=== Exercise details ===
An exact transcript is required of the lines below, from the one containing "Philips PM3551A User Manual" through the very last; leave every picture out of it.

=== Data ===
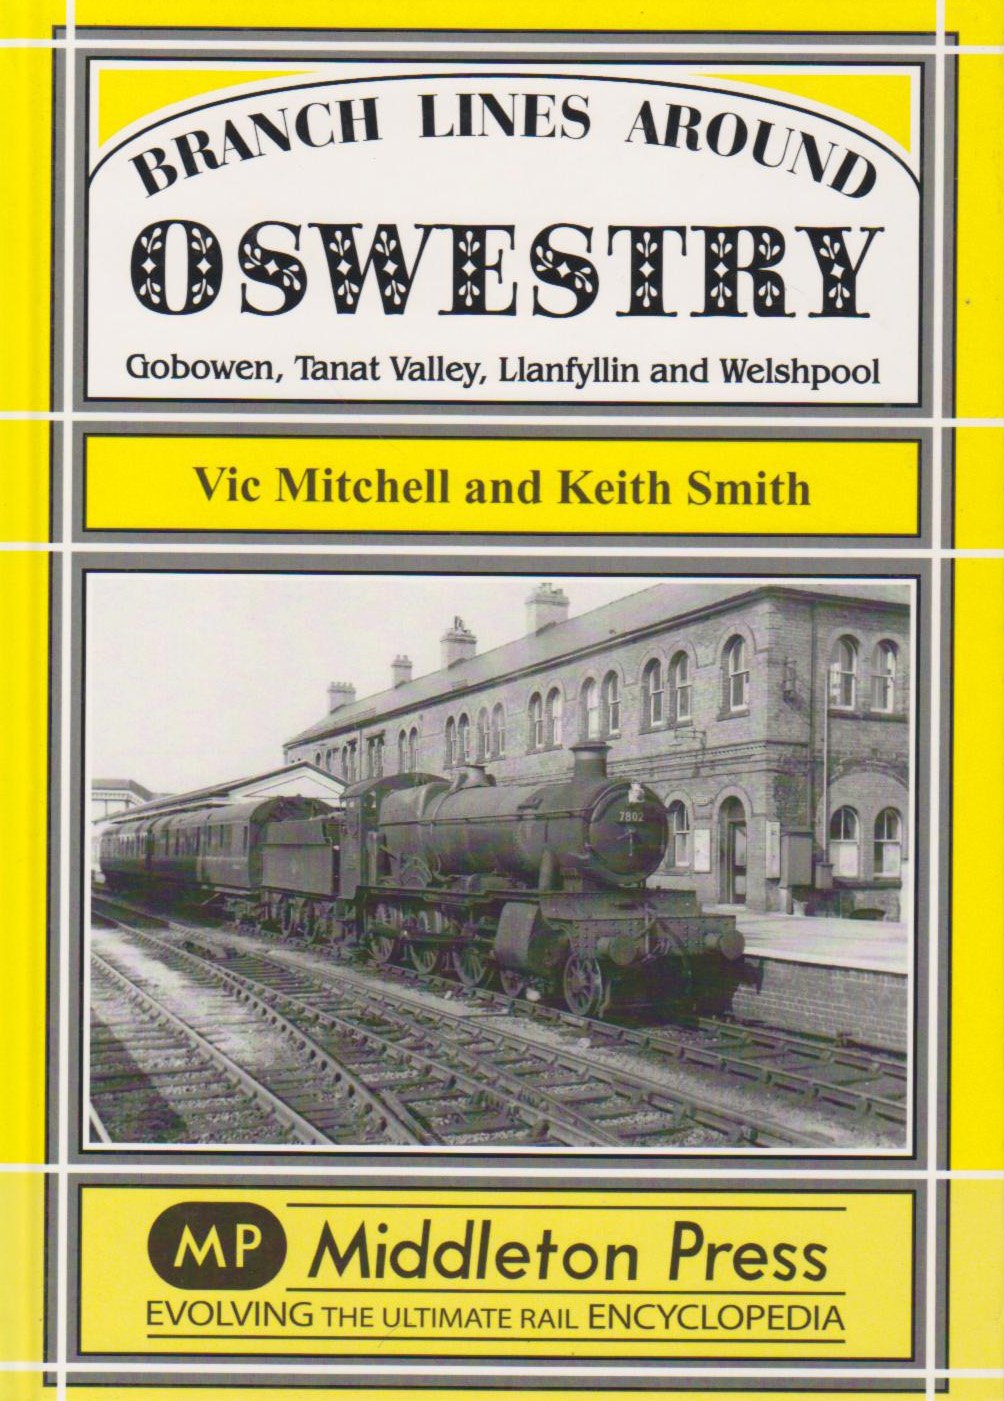 Branch Lines around Oswestry Gobowen, Tanat Valley, Llanfyllin and Welshpool
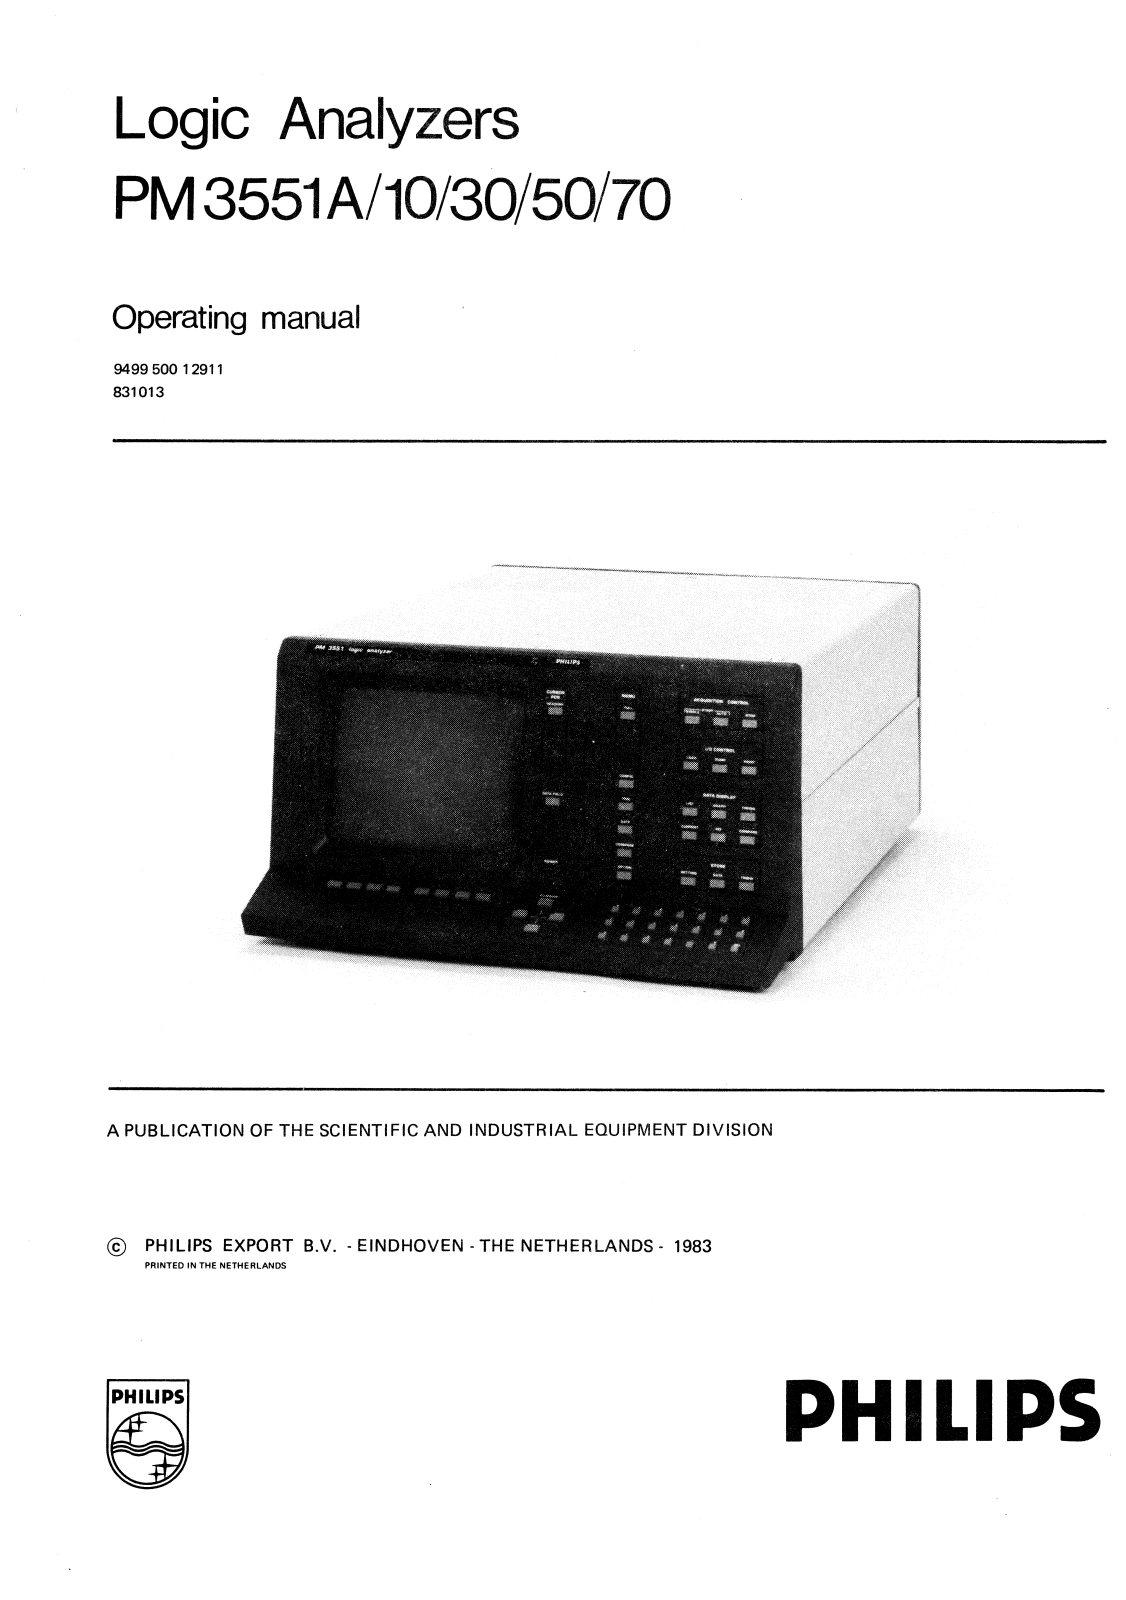 Philips PM3551A User Manual
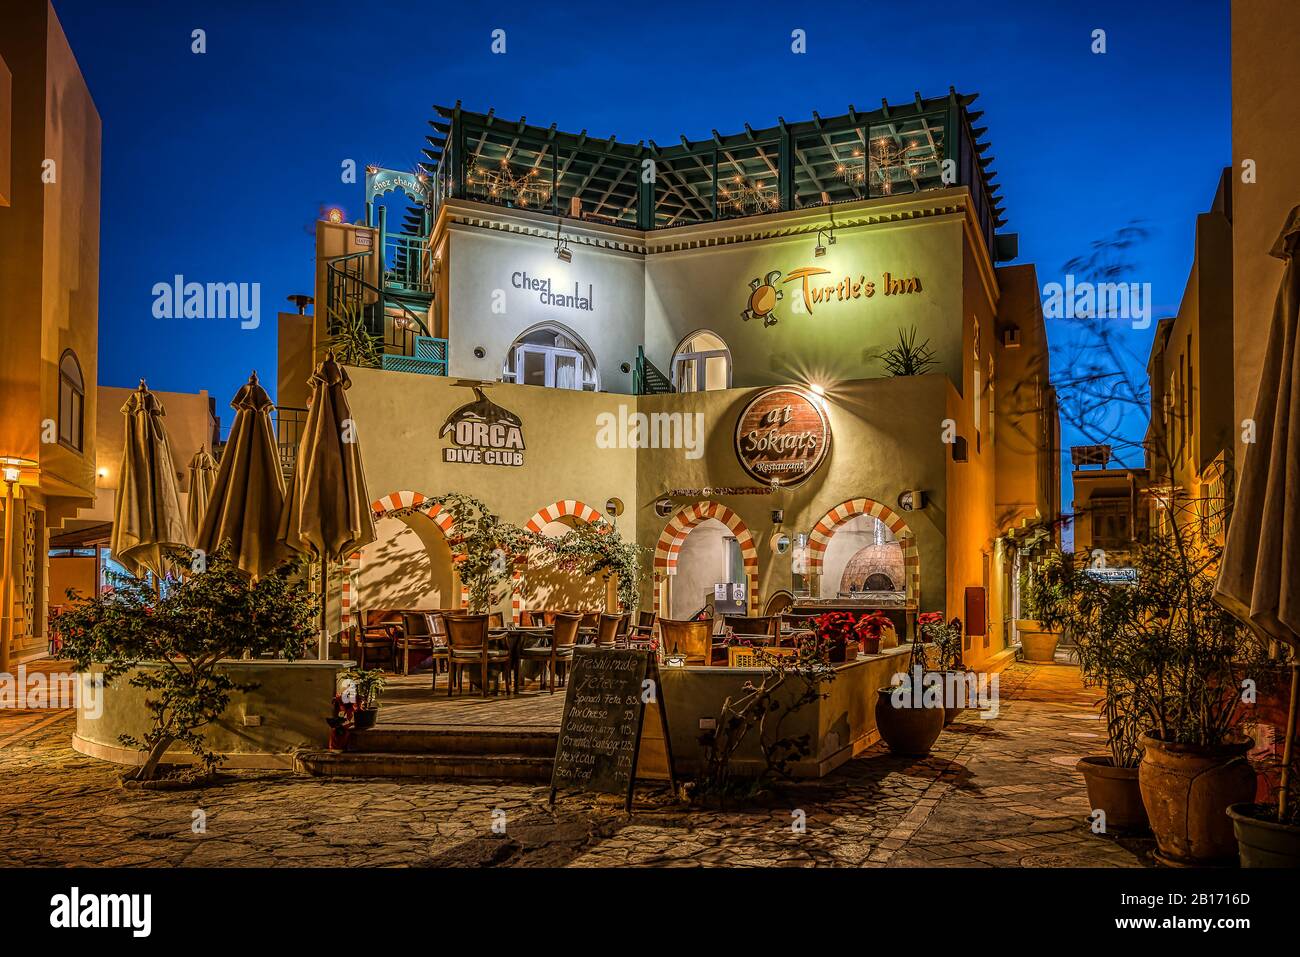 A colourful picturesque restaurant illuminated at night in the old town among narrow alleys, el Gouna, Egypt, January 17, 2020 Stock Photo

=== Exercise answer ===
 Philips PM3551A User Manual
 A colourful picturesque restaurant illuminated at night in the old town among narrow alleys, el Gouna, Egypt, January 17, 2020 Stock Photo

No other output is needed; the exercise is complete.